Nach dem Sechstagekrieg gründeten sich in der deutschen Linken zahlreiche Palästina-Komitees. Der SDS, die damals wichtigste Organisation der außerparlamentarischen Linken, übersetzte und veröffentlichte Erklärungen der palästinensischen Fatah zu erfolgreichen Terroranschlägen in Israel.

Bis weit in die Sechziger Jahre hineien hatten gerade Linke, gleich ob sie sich sozialdemokratisch oder sozialistisch verstanden, Israel als den Staat der Überlebenden der Naziverbrechen gesehen, dem die Solidarität galt. Zu Beginn der fünfziger Jahre drang die außerparlamentarische Linke auf die diplomatische Anerkennung Israels und die Zahlung von Entschädigungen an den israelischen Staat. Gerade in der frühen Studentenbewegung führte die Forderung nach Aufarbeitung der nationalsozialistischen Vergangenheit zu Solidaritätserklärungen mit Israel.

Entsprechend gab es 1967 in der eher sozialdemokratisch orientierten Linken auch Widerstand gegen die »antiimperialistische« Kehrtwende. Seitens der SPD und des Deutschen Gewerkschaftsbundes (DGB) gab es proisraelische Solidaritätsaktionen, an denen sich auch einzelne Ortsgruppen des SDS beteiligten. Die Antizionisten innerhalb des SDS konnten sich allerdings durchsetzen. Seitdem stehen in Deutschland proisraelische Linke im Ruf, staatstragend und reformistisch zu sein, während die Parteinahme für die arabisch-palästinensische Sache den Nimbus der Radikalität erhielt.

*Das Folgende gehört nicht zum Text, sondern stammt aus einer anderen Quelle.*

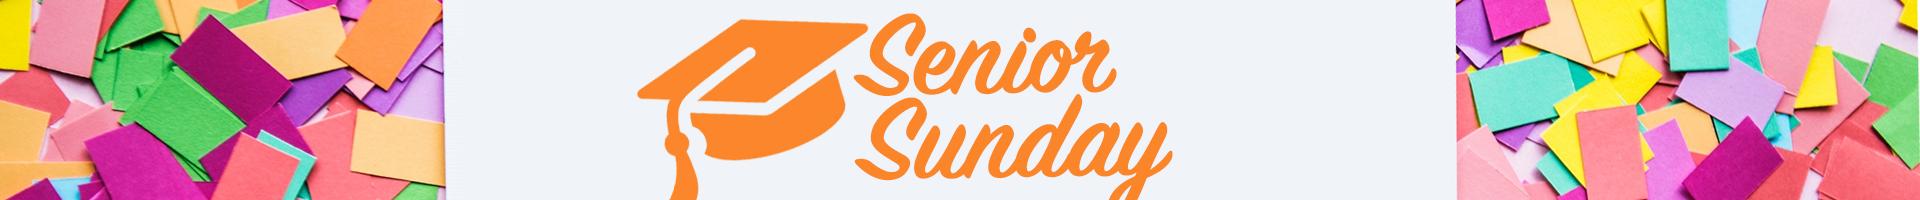 Senior Sunday Strip.png

Gerade in den studentischen Organisationen wurde der Antizionismus nach 1967 weitgehend Konsens und schlug sogar mehrfach in antisemitische Gewalt um. In Berlin wurden im Jahr 1969 zwei Lokale jüdischer Inhaber zerstört, am 9. November desselben Jahres deponierte die linksradikale Gruppe Tupamaros West-Berlin eine Bombe im Jüdischen Gemeindehaus. Im Bekennerschreiben hieß es, dass das nationalsozialistische Novemberpogrom »heute tagtäglich von den Zionisten in den besetzten Gebieten wiederholt« werde: »Aus den im Faschismus vertriebenen Juden sind selbst Faschisten geworden, die das palästinensische Volk ausradieren wollen.«

Linke haben das zweifelhafte Verdienst erworben, damals eine neue Form des Antisemitismus erfunden und etabliert zu haben: Antisemitismus legitimiert als antifaschistische Konsequenz aus den Verbrechen des Nationalsozialismus. Die Opfer von damals seien »die Täter von heute« und Israel sei »nationalsozialistisch«. Dieses Motiv, das auch heute noch beachtliche Zustimmung in der deutschen Bevölkerung findet, ist seit dem Sechstagekrieg fester Bestandteil des antiimperialistischen Repertoires. Die Wochenzeitung der KPD-ML, Roter Morgen, schrieb 1972 über Israel, es sei das »KZ für Araber«. Ulrike Meinhof bezeichnet den israelischen Verteidigungsminister Moshe Dajan nach dem Attentat auf die israelische Olympiamannschaft in München 1972 als »Himmler Israels« und warf Israel vor, es habe seine Sportler »verheizt wie die Nazis die Juden – Brennmaterial für die imperialistische Ausrottungspolitik«.

Doch gerade in Deutschland war es offensichtlich, dass diese Argumentation auf eine Entlastung nationalsozialistischer Täter und Kolloborateure hinauslief. Im deutschsprachigen Raum bildete sich entsprechend eine linke Gegenbewegung. Als einer der ersten hatte 1969 der Widerstandskämpfer Jean Améry mit seinen Mahnungen für Universalismus und Aufklärung eine innerlinke Debatte angestoßen, die seitdem regelmäßig als Reaktion auf die jeweiligen antizionistischen Kampagnen auflebt. Aus diesen Debatten ging schließlich eine dezidiert proisraelische Strömung in der deutschen Linken hervor, wie es sie in dieser Form in keinem anderen Land der Welt gibt. Dass, wie vorige Woche in Frankfurt, neben den Parteien der bürgerlichen Mitte auch Gruppierungen der radikalen Linken zu einer proisraelischen Demonstration aufrufen, wäre in Großbritannien oder den USA kaum denkbar.